*** COLLECTED MATERIAL

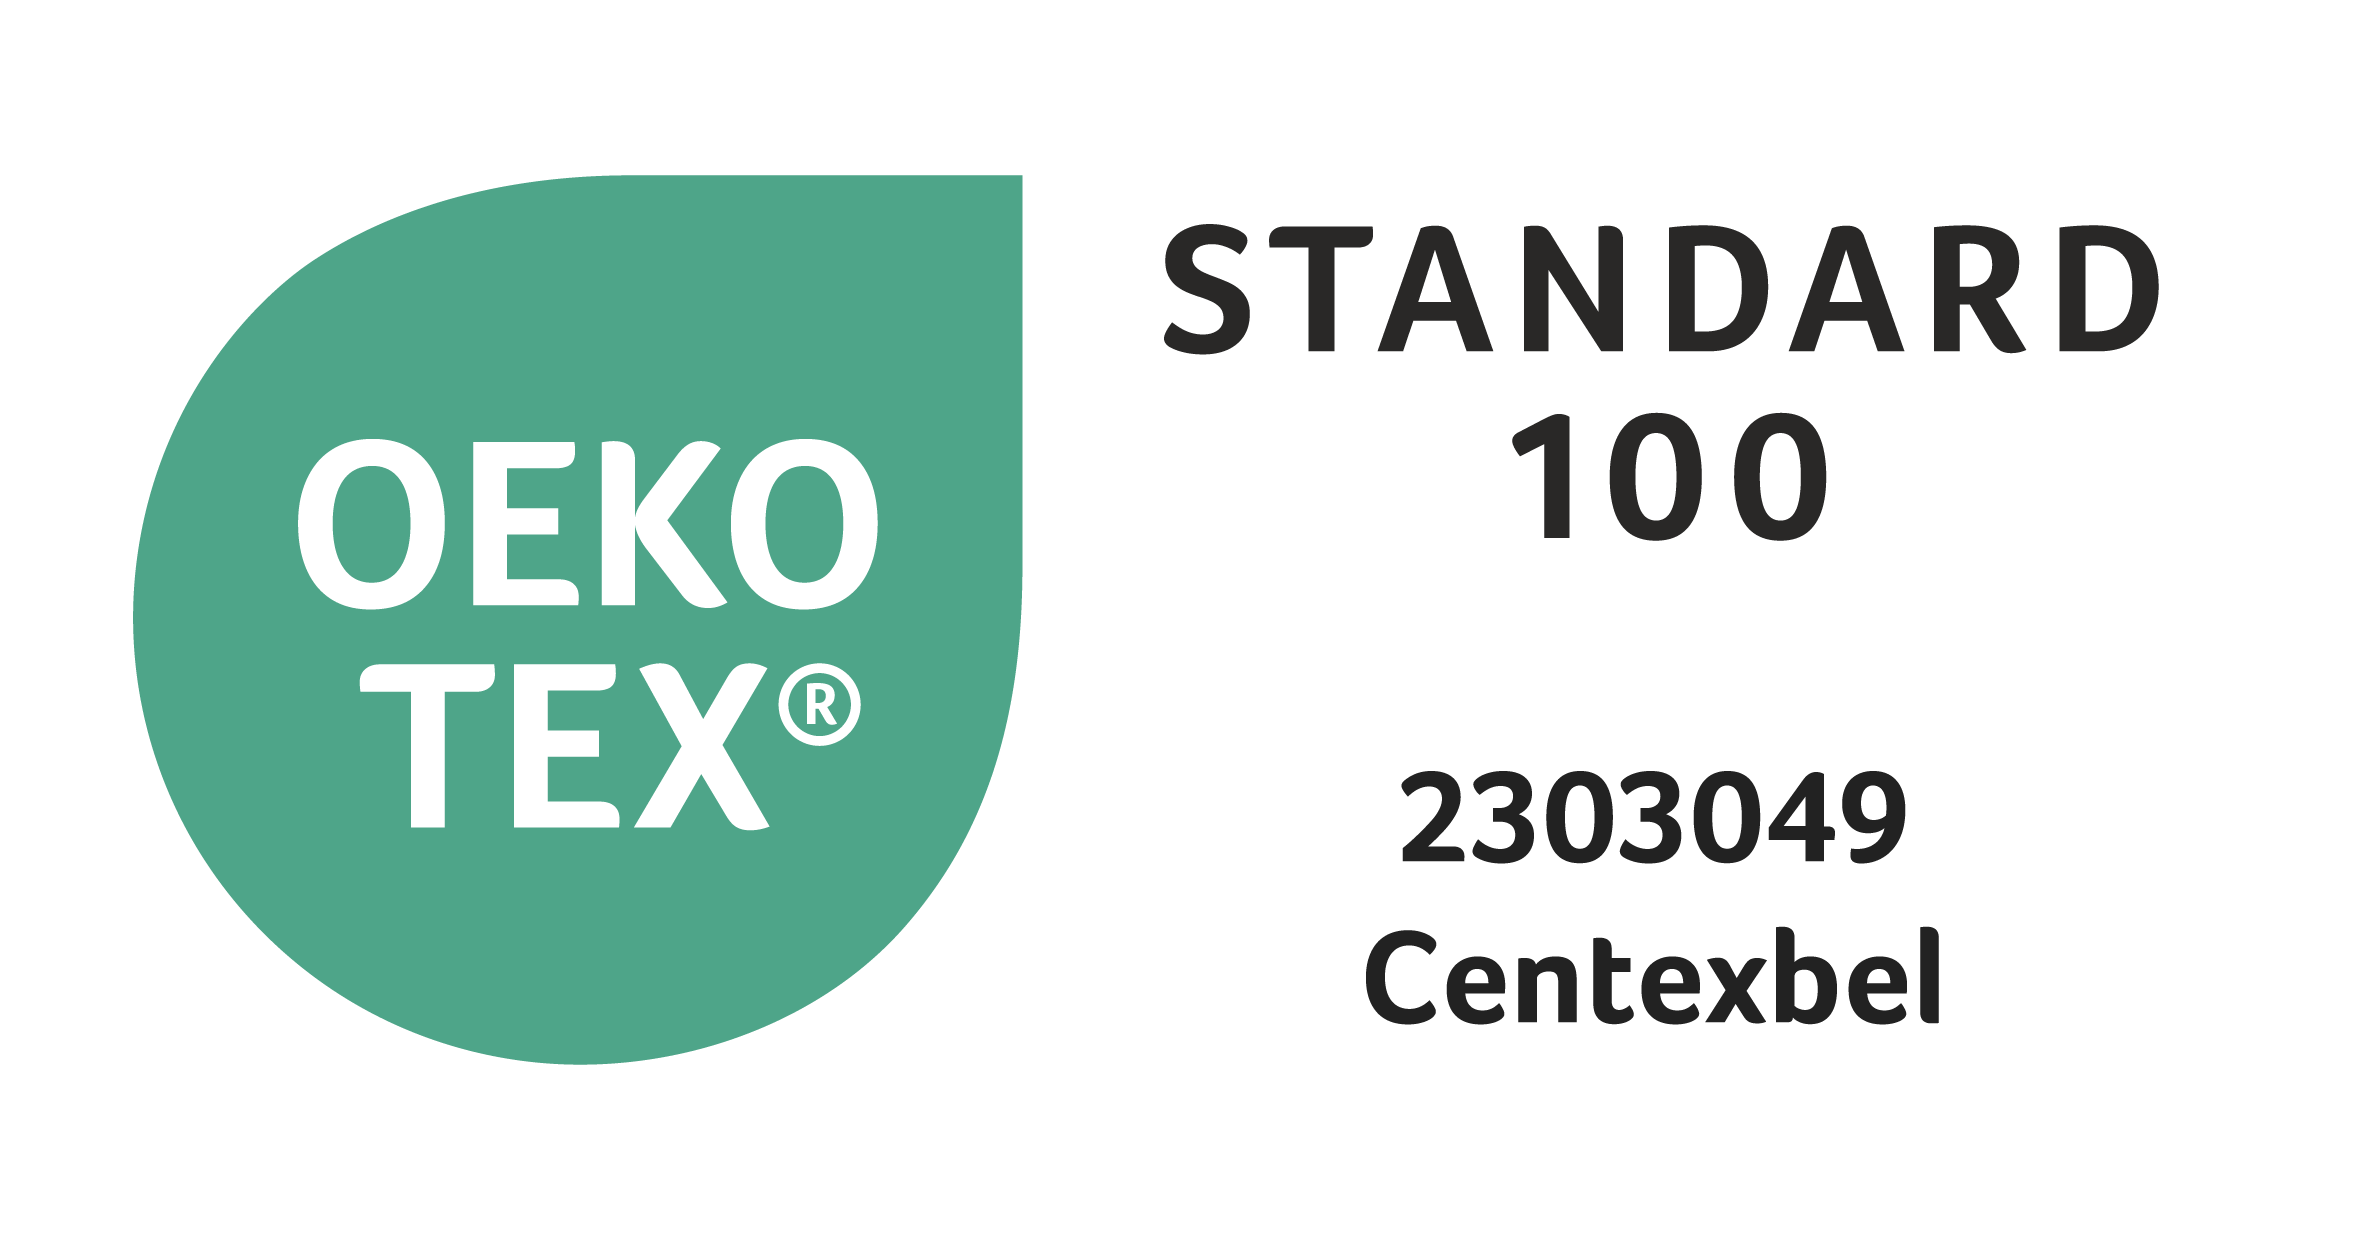 Geprüft auf Schadstoffe nach Oeko-Tex® Standard 100 (2303049/Centexbel)
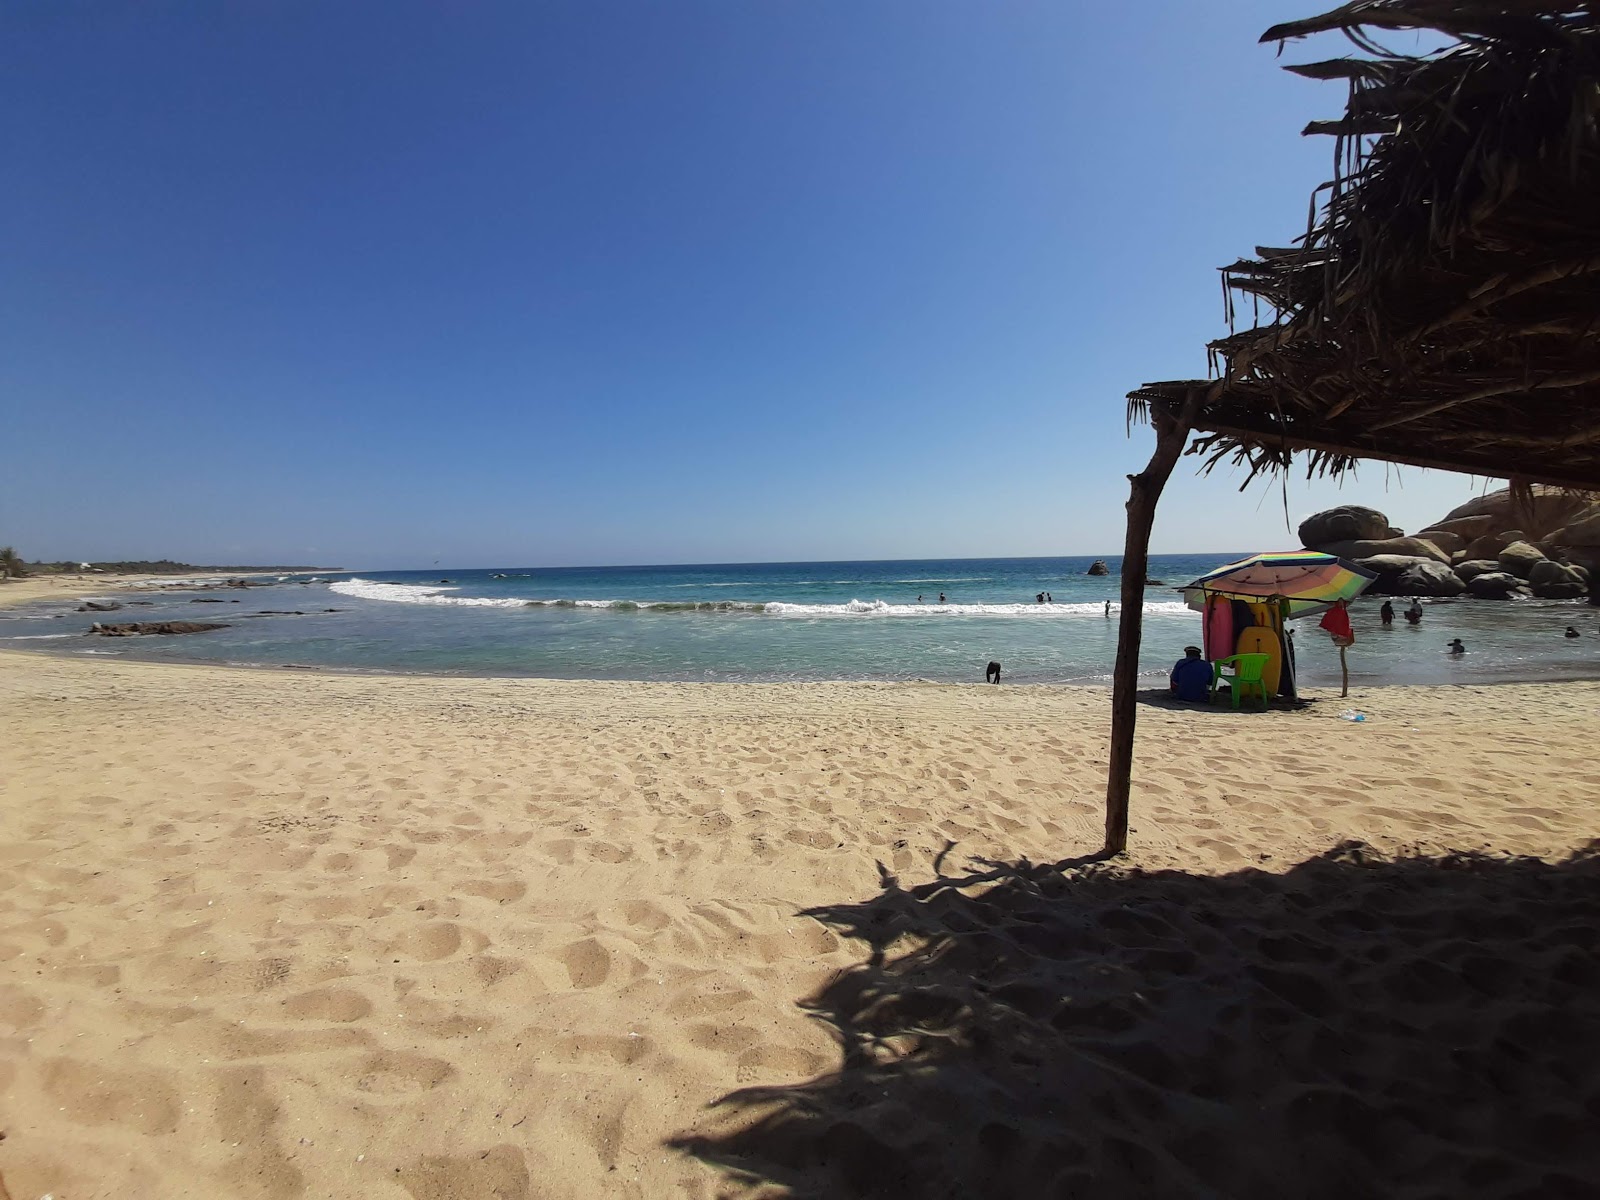 Fotografie cu Playa Las Gaviotas cu o suprafață de nisip strălucitor
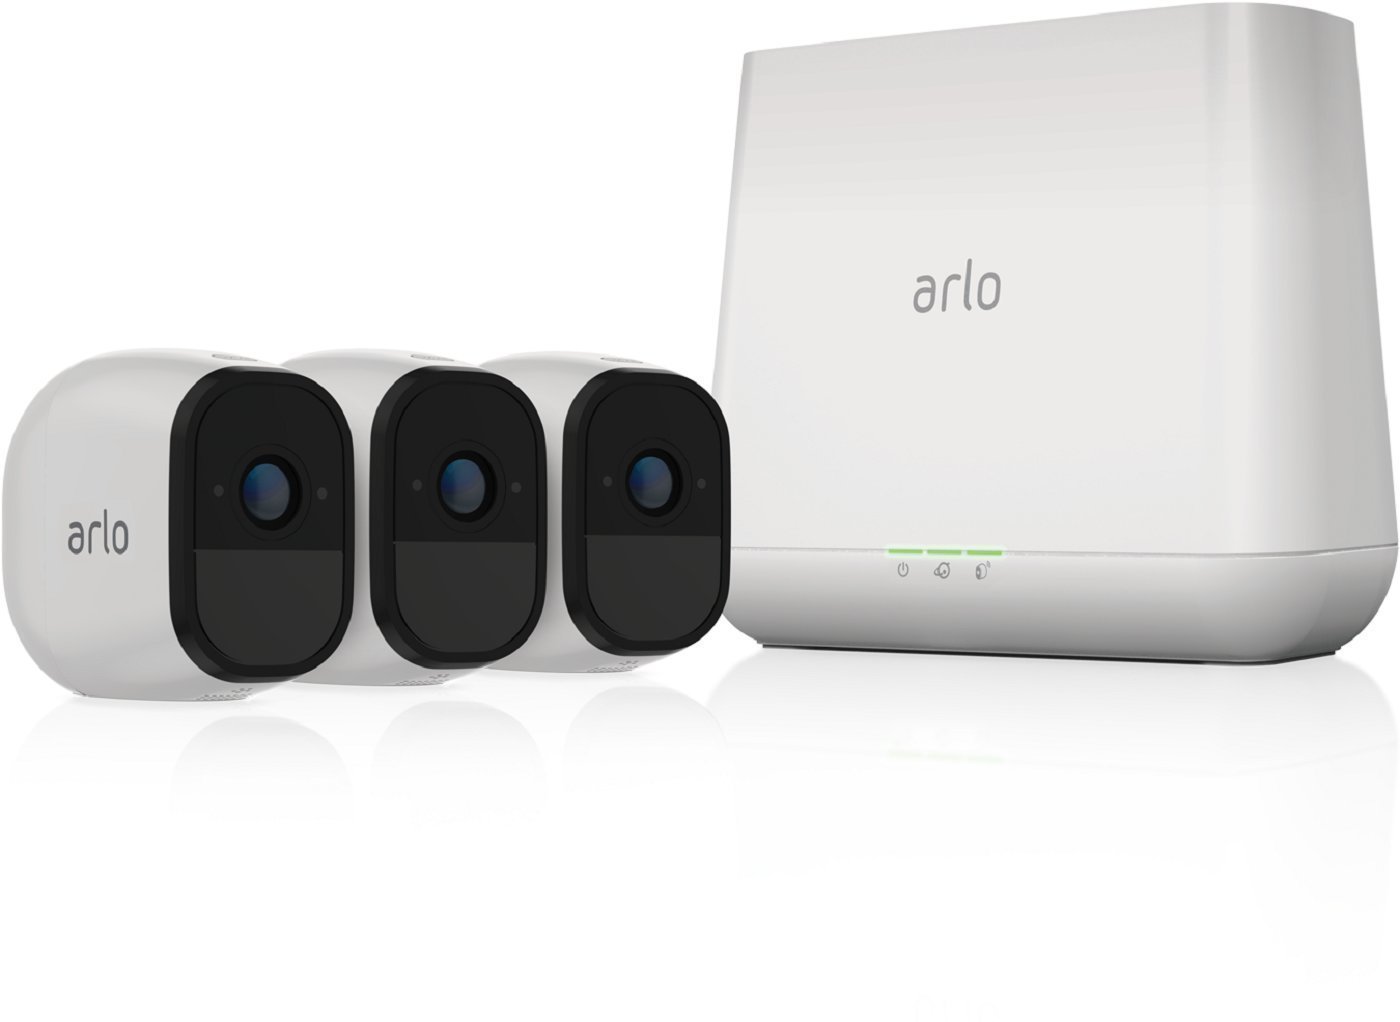 ARLO DAYS - Promozione Sistema di Videosorveglianza

******

WORK ORDER
When you reach the line containing "Fotografie cu Playa" in the listing above, reproduce it and every line after it through the last, exactly; omit the pictures.

RESULT
 Fotografie cu Playa Las Gaviotas cu o suprafață de nisip strălucitor
 ARLO DAYS - Promozione Sistema di Videosorveglianza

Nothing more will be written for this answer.